Who Heads the Collegium System?

  • The SC collegium is headed by the CJI (Chief Justice of India) and comprises four other senior most judges of the court.
  • Judges of the higher judiciary are appointed only through the collegium system and the government has a role only after names have been decided by the collegium.

What are the Procedures for Judicial Appointments?

  • For CJI:
    • The President of India appoints the CJI and the other SC judges.
    • As far as the CJI is concerned, the outgoing CJI recommends his successor.
    • In practice, it has been strictly by seniority ever since the supersession controversy of the 1970s.
  • For SC Judges:
    • For other judges of the SC, the proposal is initiated by the CJI.
    • The CJI consults the rest of the Collegium members, as well as the senior-most judge of the court hailing from the High Court to which the recommended person belongs.
    • The consultees must record their opinions in writing and it should form part of the file.
    • The Collegium sends the recommendation to the Law Minister, who forwards it to the Prime Minister to advise the President.
  • For Chief Justice of High Courts:
    • The Chief Justice of the High Court is appointed as per the policy of having Chief Justices from outside the respective States.
    • The Collegium takes the call on the elevation.
    • High Court judges are recommended by a Collegium comprising the CJI and two senior-most judges.
    • The proposal, however, is initiated by the outgoing Chief Justice of the High Court concerned in consultation with two senior-most colleagues.
    • The recommendation is sent to the Chief Minister, who advises the Governor to send the proposal to the Union Law Minister.

What is Critical about the Collegium System?

  • Opaqueness and a lack of transparency.
  • Scope for nepotism.
  • Embroilment in public controversies.
  • Overlooks several talented junior judges and advocates.

What were Attempts to reform the Appointment System?

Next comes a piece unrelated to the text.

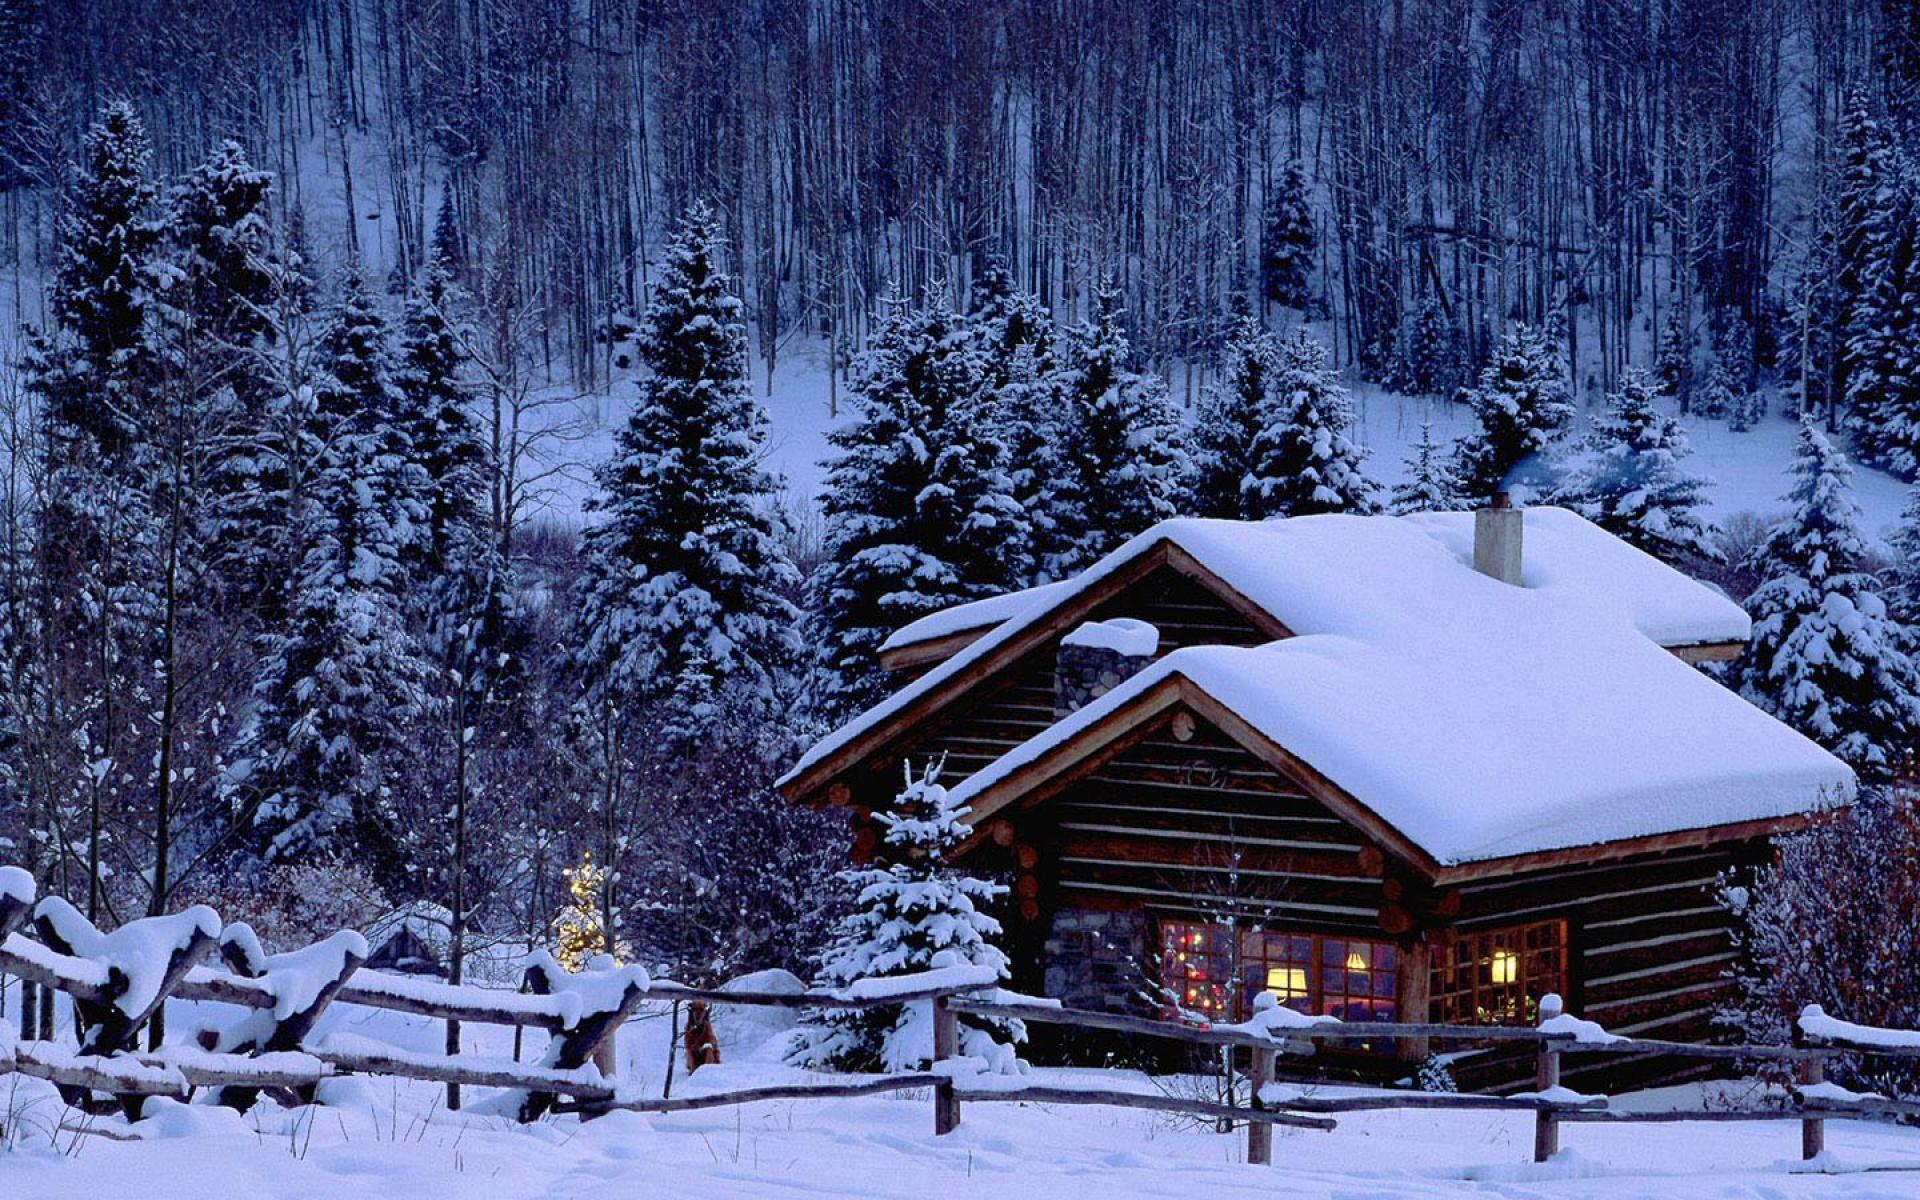 dreamy, scene, snow, wallpaper, scenery, warmly, house

  • The attempt made to replace it by a ‘National Judicial Appointments Commission’ (through Ninety-ninth Amendment Act, 2014) was struck down by the court in 2015 on the ground that it posed a threat to the independence of the judiciary.

Way Forward

  • Filling up of vacancies is a continuous and collaborative process involving the executive and the judiciary, and there cannot be a time frame for it. However, it is time to think of a permanent, independent body to institutionalise the process with adequate safeguards to preserve the judiciary’s independence guaranteeing judicial primacy but not judicial exclusivity.
  • It should ensure independence, reflect diversity, demonstrate professional competence and integrity.